I had my first prenatal for this preg today. With a new midwife, in a new practice (I'm in Ontario, my understanding is they have to work in a group practice, but I could be wrong). She will be my primary midwife.
She was great! I was so happy. She was everything I wanted my past midwives to be but they weren't. I had heard she was very hands-off and I felt really at ease talking to her. She just came right out and asked if there was anything about my past births that I didn't want to have happen again, or that didn't happen that I wanted to have happen. So, I told her that so far, I've done most of the labouring myself, all alone, no fussing, she said she understood. I said that this time, I want to keep on doing it myself for the birth and, if I want to at the time, catch the baby myself. She was supportive of it, but with the way midwives are regulated here -- they have to document everything. She said it wouldn't be a problem, though. I think her biggest concern is the other midwives! She started talking about how some midwives in ontario are former RNs, some were midwives in Britain, and some -- like her -- were practising in Ontario as midwives before regulation. She then suggested that if I wanted, I could use their birthtub to create a personal space to discourage the midwives from interfering with me.
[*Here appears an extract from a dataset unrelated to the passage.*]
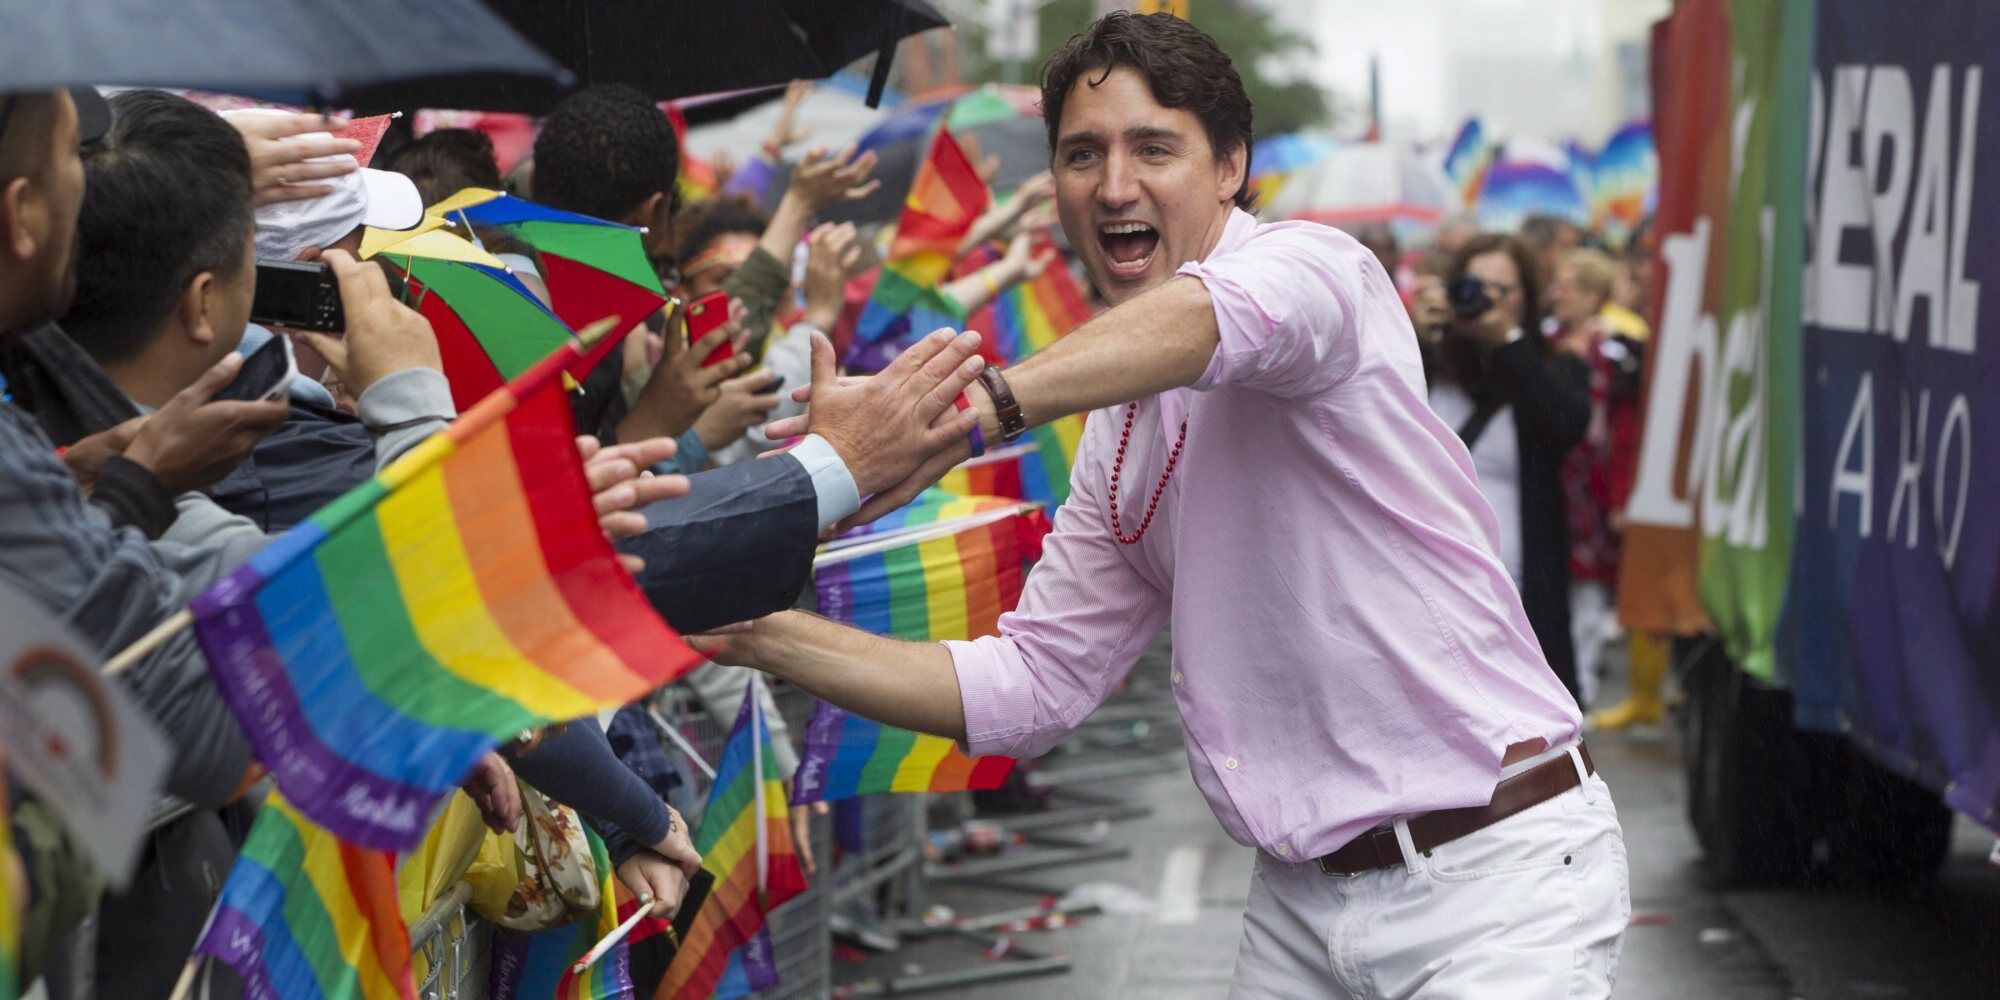 加拿大總理將參加同志大遊行

She also told me a story she had read in Birthing From Within about a woman in Mexico who would go into a room, lock the door, birth the baby, and when the baby was born she would tell people they could come in now. She didn't say "Hey you could do this," I don't know if she's *allowed* to or not, but it occured to me later, maybe she was dropping a hint to me

She seemed happy to have someone not looking for interventions, too. I declined u/s and doppler, and we had a chat about not using doppler in labour -- midwives in ontario "have" to check heart rate every 15 mins in active labour and every 5 minutes when you're pushing. I said, well, can I just decline? Will you get in trouble? (I figured checking with a fetoscope might be tricky!) She said I could decline, but for her, she would like to check it once to be sure the baby is head down (oh, Ontario midwives also can't home deliver a breech baby

: we would have to go to the hospital and have an ob actually do it, and from what I've heard, most are scared to do it and would just do a c-section.

: ) She talked about how I could kneel to catch the baby myself best and protect myself from too much interference.
Anyway, I was really happy with how it went!